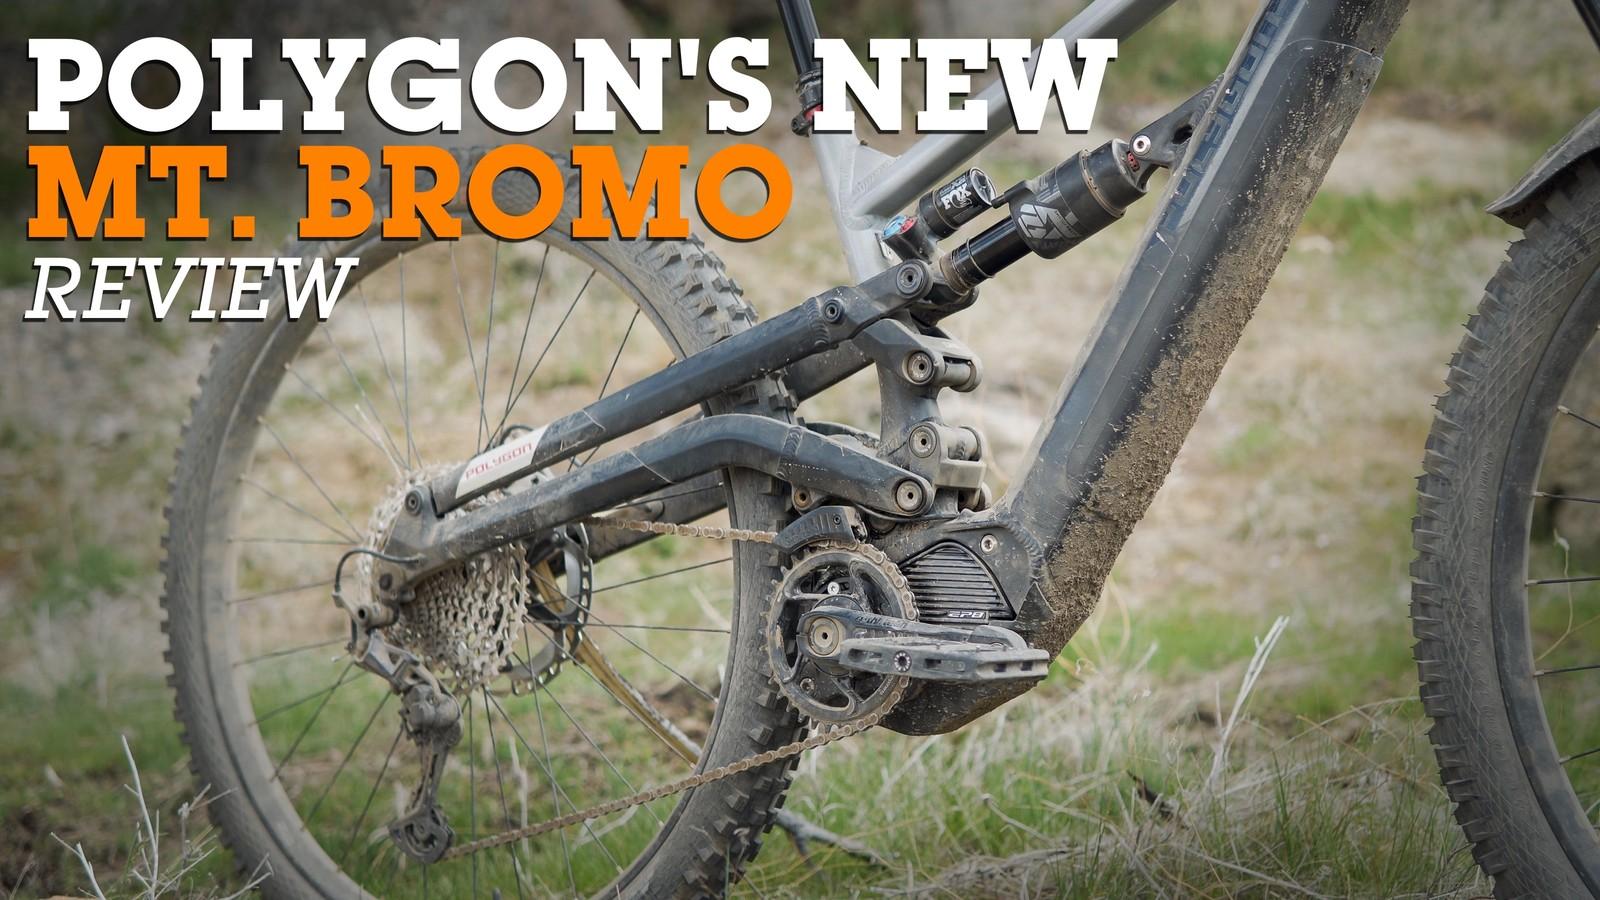 Enter the Plow King - Polygon's Crazy Six-Bar Mt Bromo eMTB Review
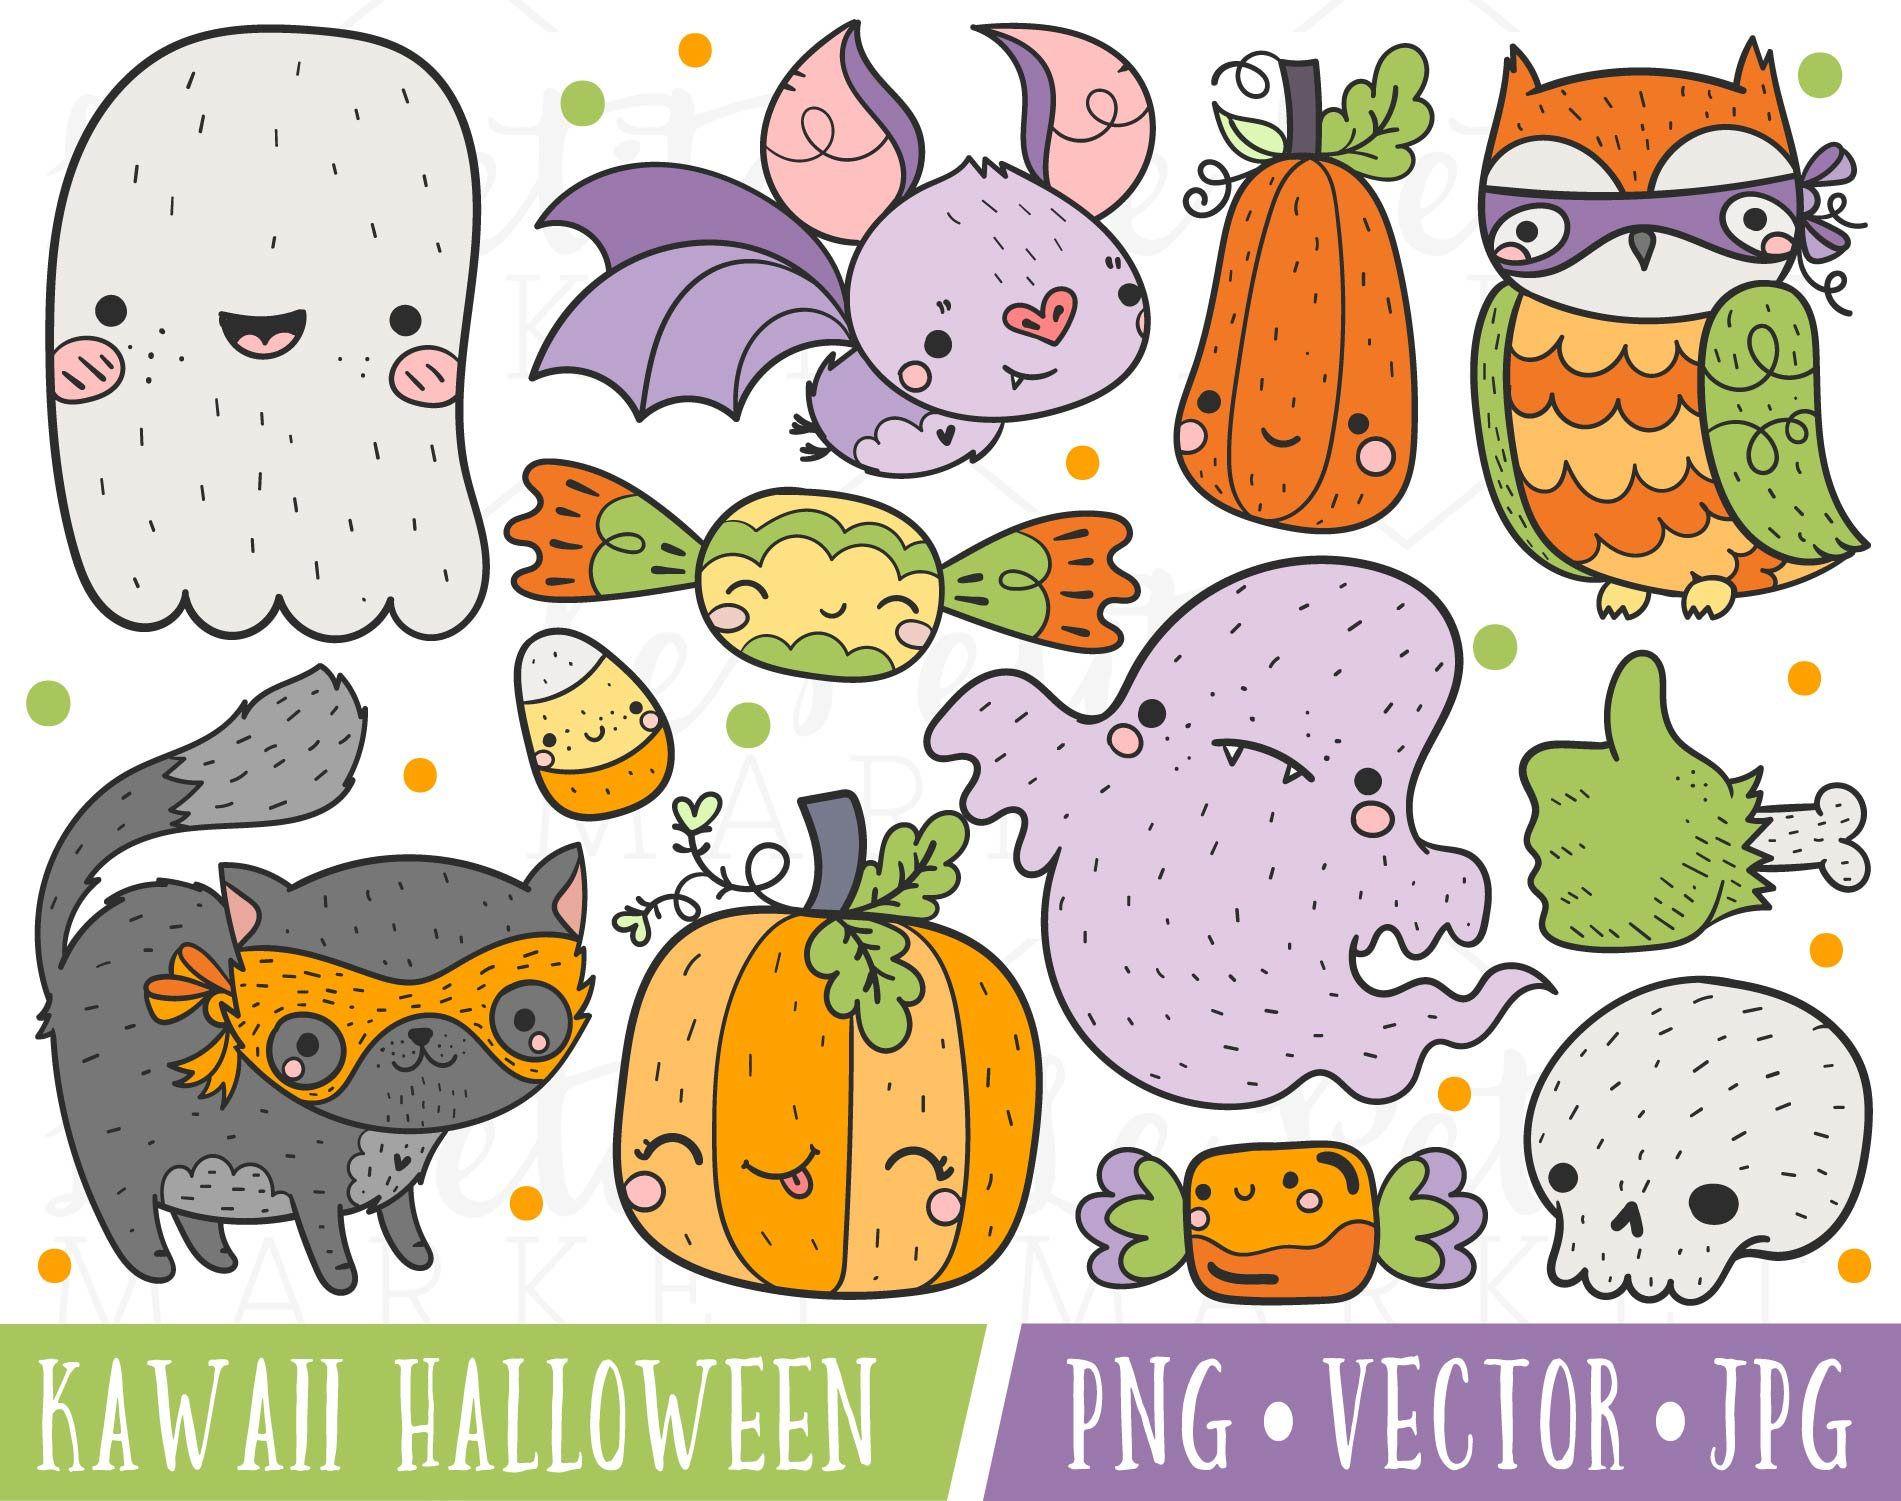 Cute Halloween Clipart Images Cute Bat Clipart Cute Etsy Halloween Clipart Halloween Clips Kawaii Clipart
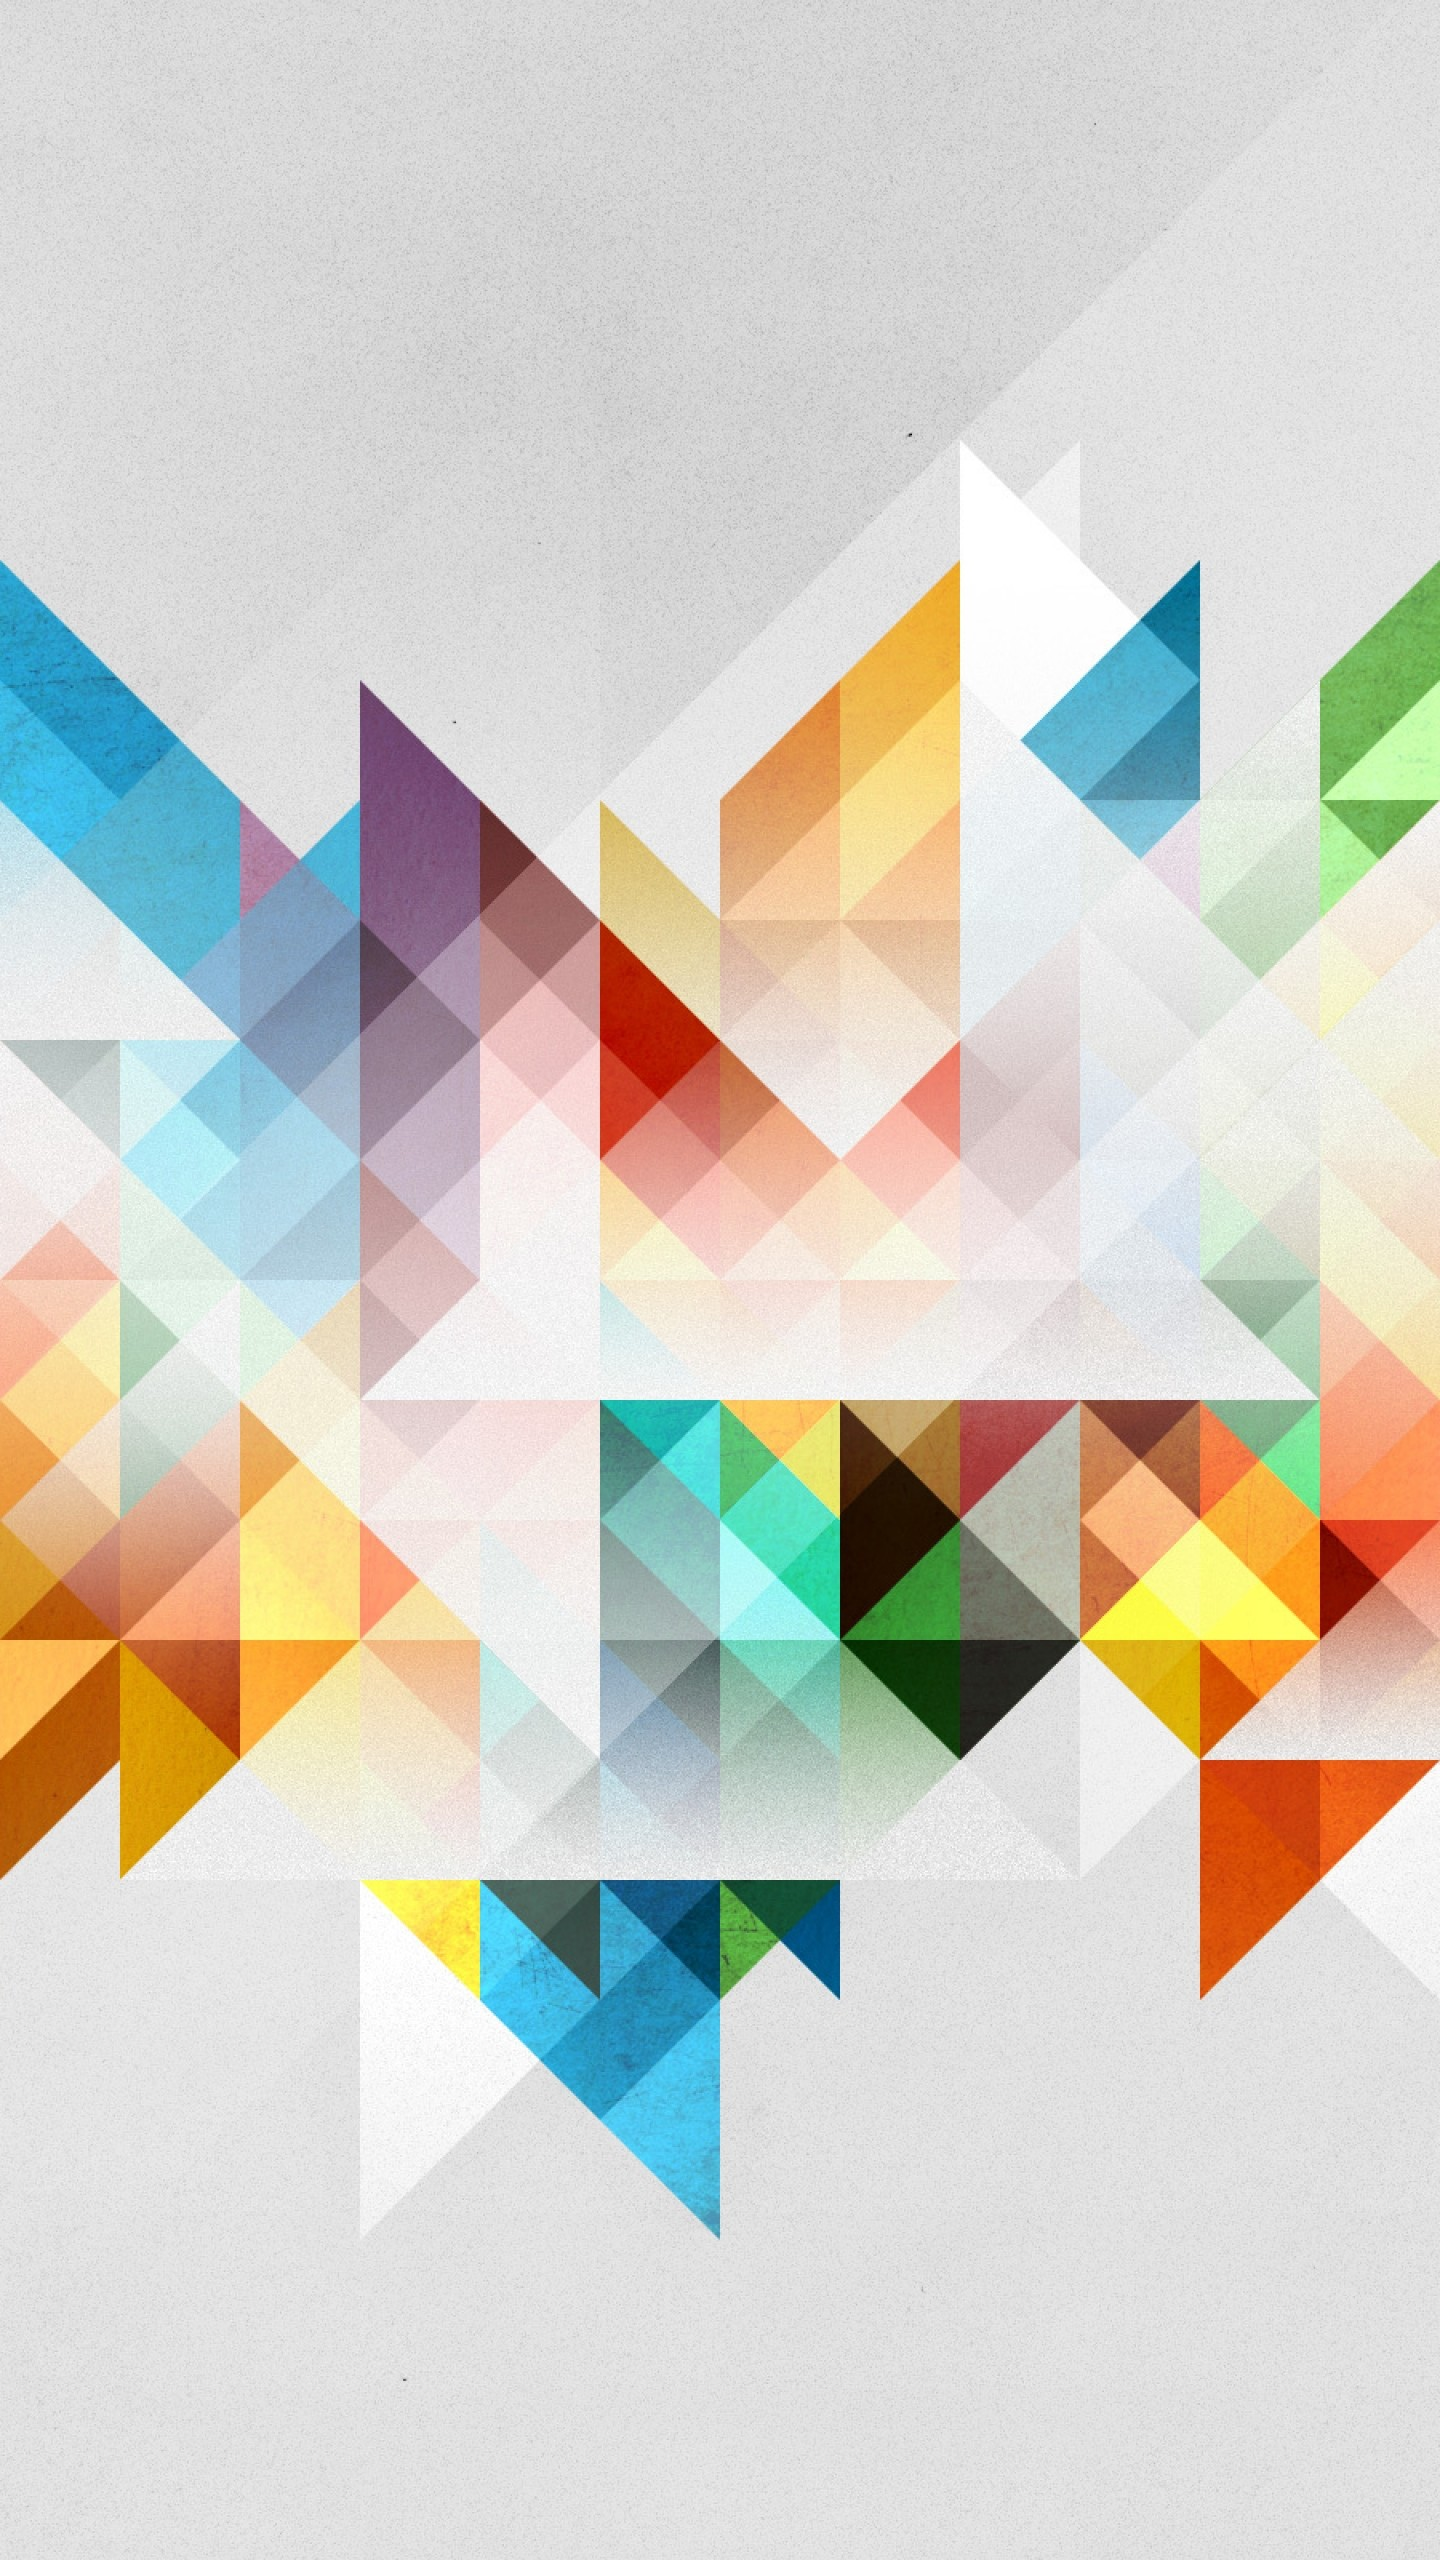 Geometric Shapes Wallpaper (68+ images)

----

The exact lines from the one containing "Cute Halloween Clipart" through the end of the data are to be copied, with both ends kept and pictures left out.

 Cute Halloween Clipart Images Cute Bat Clipart Cute Etsy Halloween Clipart Halloween Clips Kawaii Clipart
 Geometric Shapes Wallpaper (68+ images)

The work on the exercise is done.